Over 30 years and from the property sale, the city expects to collect $97 million used to offset the $147 million price tag of the city hall scheduled to open in 2012.
“Tony wants to do good and wants to have a positive impact, and improve a community and a city — and he knows it’s good for business, too,” Cornthwaite said. “I think above and beyond that, it’s great for the culture, the economy, the whole core of the city.”
It’s almost impossible to find anyone with anything negative to say about the deal and its prospects for downtown, bringing a new energy and successful business culture to the area.
“Just think what would have happened without Zappos doing this,” one developer said. “City Hall would have sat empty. It would have been a blight on downtown for years.”

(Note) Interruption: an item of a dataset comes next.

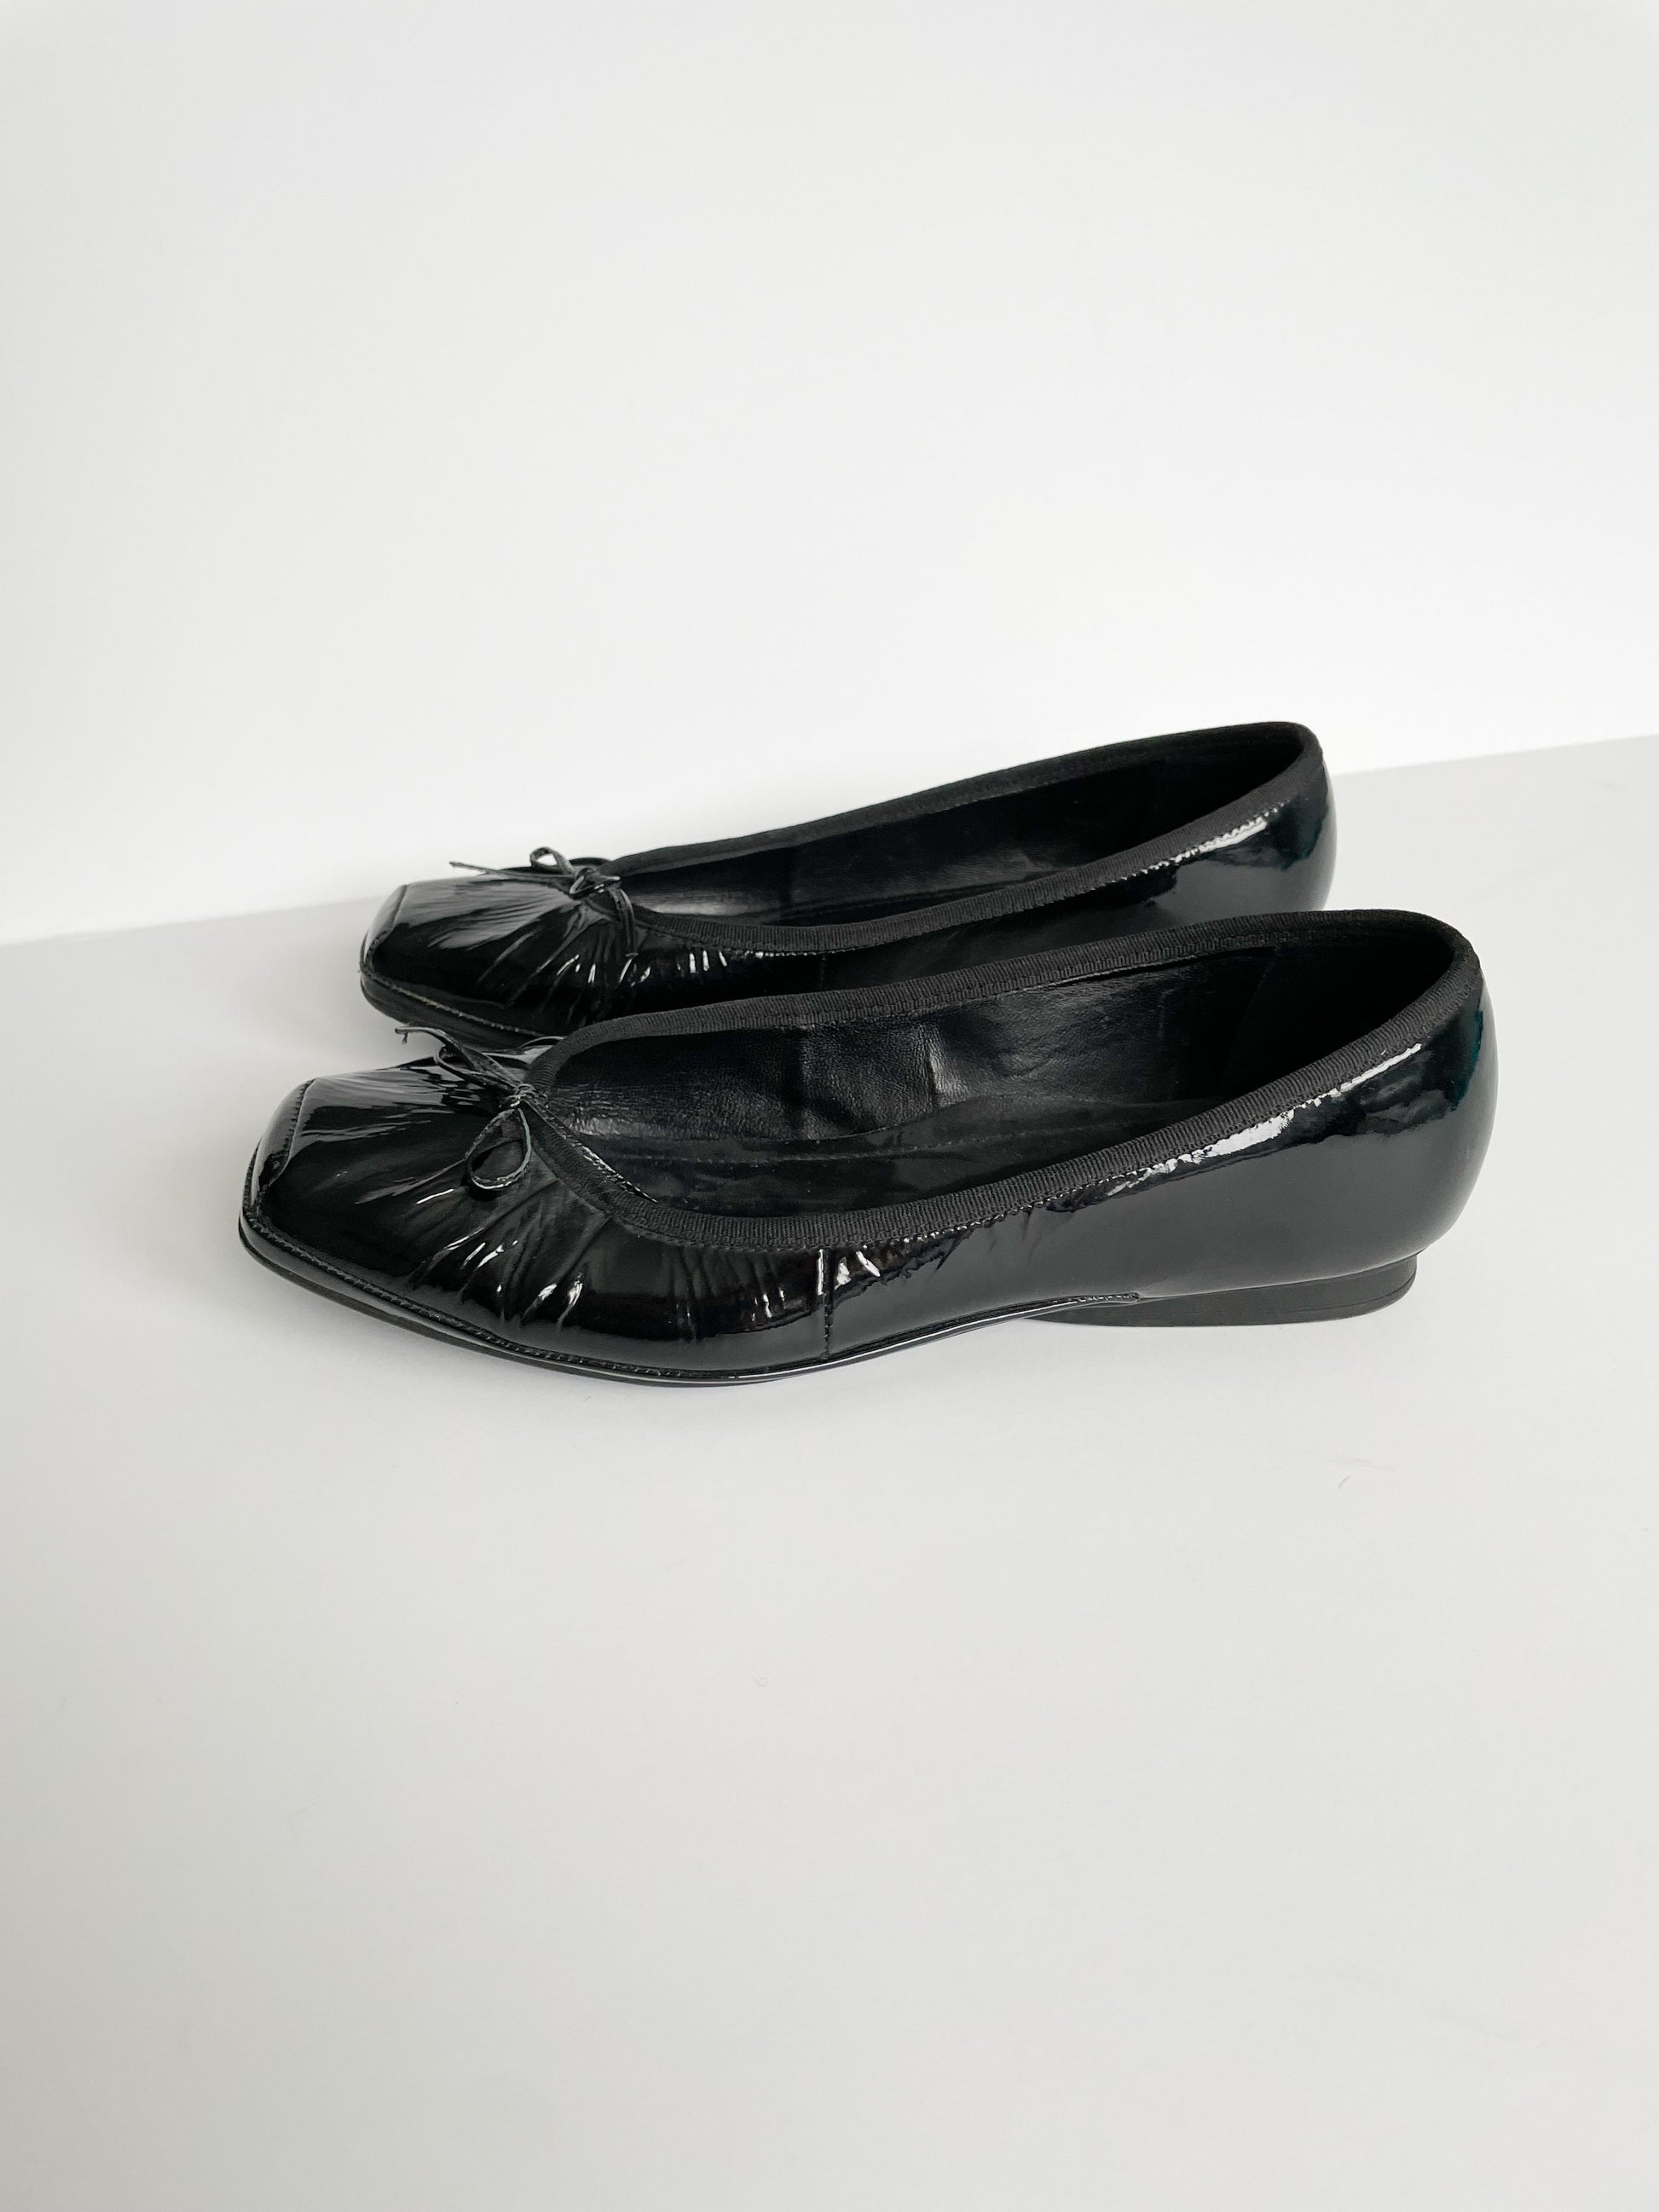 Geox Respira™ Respira Black Patent Square Toe Flats Slip On Shoes - Si – Le Prix & Consulting

Daily tours of Zappos’ Henderson office open the company’s culture to outsiders. One section of workstations is decorated as a jungle. There’s a dark room with couches and fish tanks where employees unwind. Every computer and desk is adorned with personal items, figurines or toys. Hsieh sits in the middle, next to his secretary, his financial officer and other employees. The only four-wall offices are those of the attorneys.
Lunch and vending machines are free.
When Zappos moves downtown, it will have acreage across the street that Hsieh envisions as a future “corporate campus” to enhance the work experience even more.
“Imagine the possibilities downtown,” he said in a text message. They might include the other idea he tossed around during that walk with Donner.
“An indoor ski slope down here, not just for employees, but for anyone — it wouldn’t be too expensive, it would be fun for kids,” he said. “I haven’t given up on that idea. We need to get this (City Hall deal) done first, then we’ll see.”